Hacker News new | ask | show | jobs
by dale_glass 1362 days ago
We support that already, yup. But it never hurts to see if there's something better than that out there.
2 comments

You can bootleg your own fast lossless codec by doing delta-encoding on the raw PCM to get a lot of zeros and then feed it through an off-the-shelf fast compressor like snappy/lz4/zstandard/etc. It won't get remotely close to the dedicated audio algorithms, but I wouldn't be surprised if you cut your data size by a factor 2-4 and essentially no CPU cost compared to raw uncompressed audio.
You’ve not done this before have you ?
I haven't, but now I have. I took https://opus-codec.org/static/examples/samples/music_orig.wa... from https://opus-codec.org/examples/. Then I wrote the following snippet of Python code:

    from scipy.io import wavfile
    import numpy as np
    import zstd

    sampling_rate, samples = wavfile.read(r'data/bootleg-compress/music_orig.wav')
    orig = samples.tobytes()

    naive_compressed = zstd.ZSTD_compress(orig)
    deltas = np.diff(samples, prepend=samples.dtype.type(0), axis=0) # Per-channel deltas.
    compressed_deltas = zstd.ZSTD_compress(deltas.ravel()) # Interleave channels and compress.

    decompressed_deltas = np.frombuffer(zstd.ZSTD_uncompress(compressed_deltas), dtype=samples.dtype)
    decompressed = np.cumsum(decompressed_deltas.reshape(deltas.shape), axis=0, dtype=samples.dtype)
    assert np.array_equal(samples, decompressed)

    print(len(orig))
    print(len(naive_compressed))
    print(len(compressed_deltas))
giving:

    17432876
    15518973
    12817602
Looks like my initial estimation of 2-4 was way off (when FLAC achieves ~2 this should've been a red flag), but you do get a ~1.36x reduction in space at basically memory read speed.

Using an encoding for second order differences with storing -127 <= d <= 127 using 1 byte and the others 2 bytes (for an input of 16-bit audio) I got a ratio of ~1.50 for something that can still operate entirely at RAM speed:

    orig = samples.tobytes()
    deltas = np.diff(samples, prepend=samples.dtype.type(0), axis=0)      # Per-channel deltas.
    delta_deltas = np.diff(deltas, prepend=samples.dtype.type(0), axis=0) # Per-channel second-order differences.

    # Many small differences, encode almost all 1-byte differences using 1 byte,
    # using 3 bytes for larger differences.
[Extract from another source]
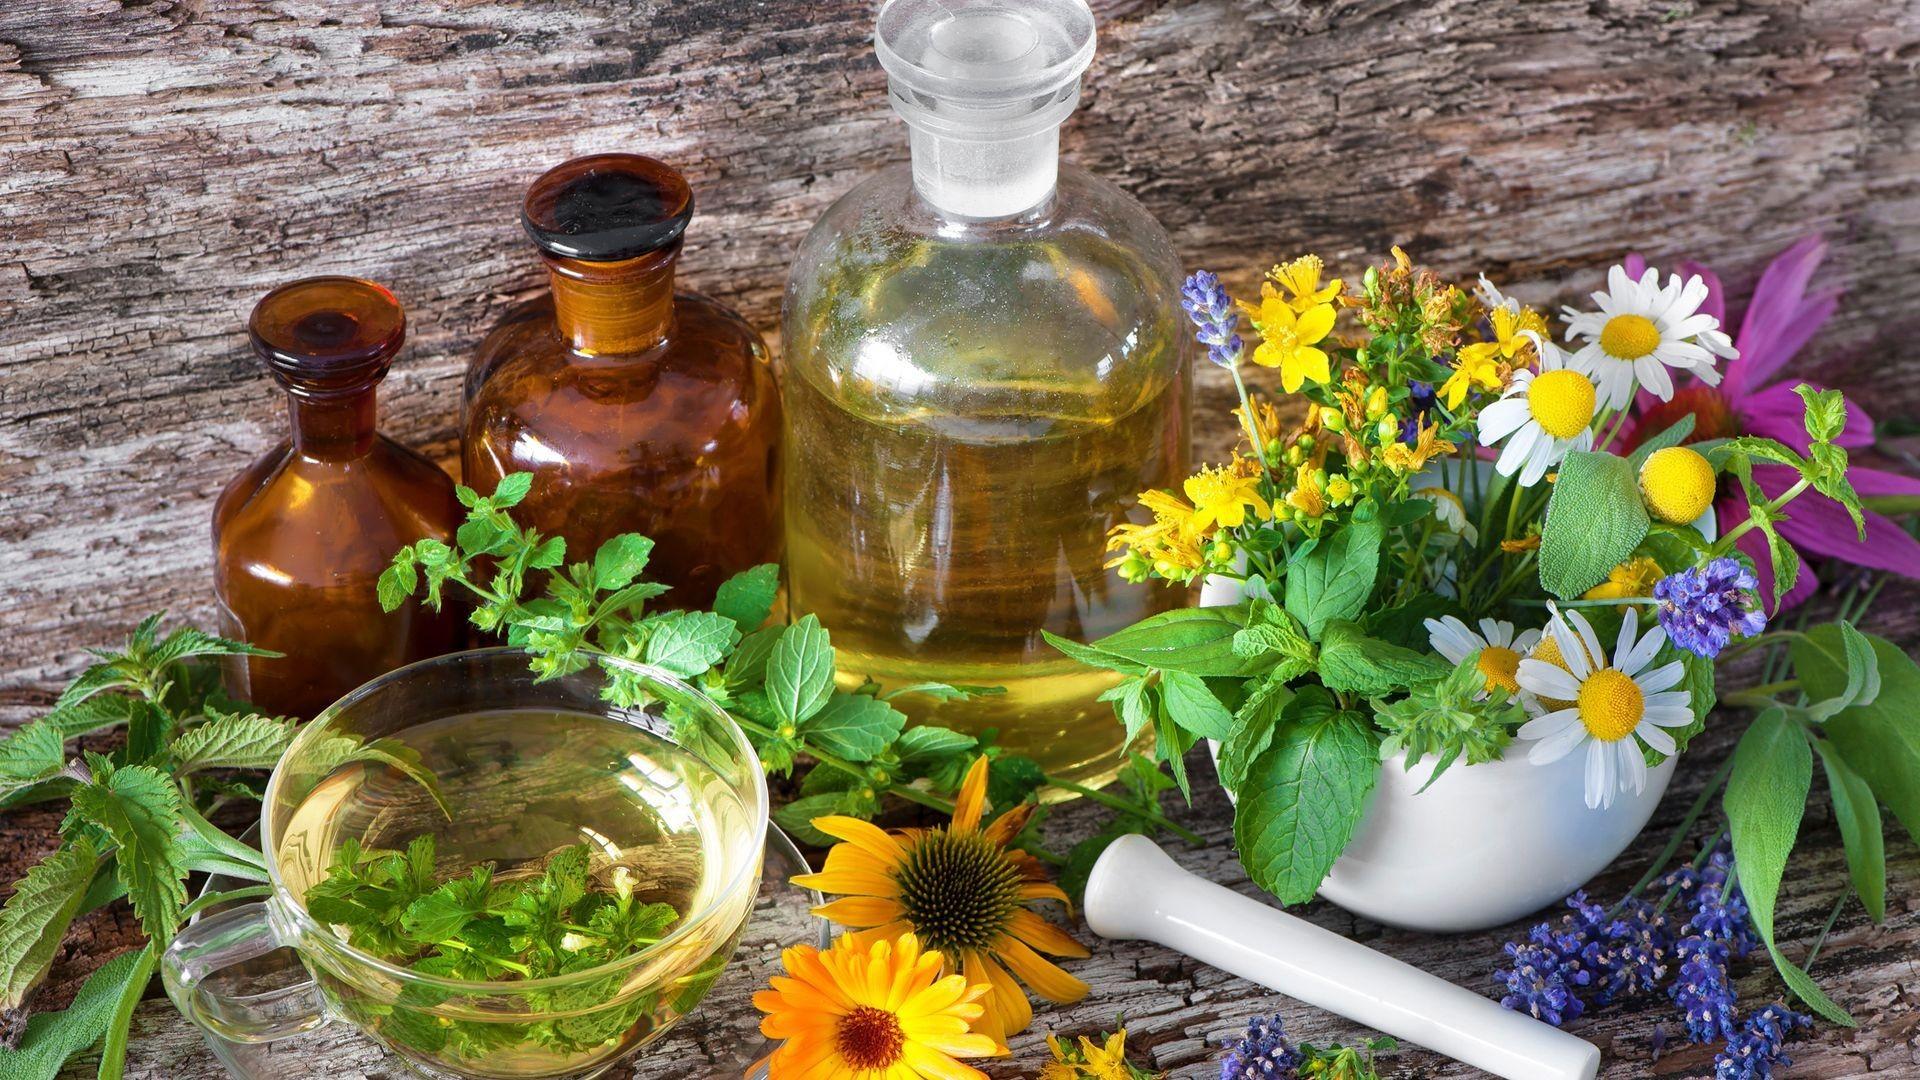 Productos naturales y dietética en Terrassa

Interleave channels and encode.
    small = np.sum(np.abs(delta_deltas.ravel()) <= 127)
    bootleg = np.zeros(small + (len(delta_deltas.ravel()) - small) * 3, dtype=np.uint8)
    i = 0
    for dda in delta_deltas.flatten():
        if -127 <= dda <= 127:
            bootleg[i] = dda + 127
            i += 1
        else:
            bootleg[i] = 255
            bootleg[i + 1] = (dda + 2**15) % 256
            bootleg[i + 2] = (dda + 2**15) // 256
            i += 3

    compressed_bootleg = zstd.ZSTD_compress(bootleg)
    print(len(compressed_bootleg))

    decompressed_bootleg = zstd.ZSTD_uncompress(compressed_bootleg)
    result = []

    i = 0
    while i < len(bootleg):
        if bootleg[i] < 255:
            result.append(decompressed_bootleg[i] - 127)
            i += 1
        else:
            lo = decompressed_bootleg[i + 1]
            hi = decompressed_bootleg[i + 2]
            result.append(256*hi + lo - 2**15)
            i += 3

    decompressed_delta_deltas = np.array(result, dtype=samples.dtype).reshape(delta_deltas.shape)
    decompressed_deltas = np.cumsum(decompressed_delta_deltas, axis=0, dtype=samples.dtype)
    decompressed = np.cumsum(decompressed_deltas, axis=0, dtype=samples.dtype)
    assert np.array_equal(samples, decompressed)
Prints 11593846.
While I also want a low-computation codec that can save space, the historical use cases unfortunately assumes a lot more CPU power to be compensated for a lot less bandwidth, so there's little research in this area, and there's no real incentive to make something like ProRes and DNxHD as if you are editing audio the SSD speeds has been so fast that you'll run into CPU problems first.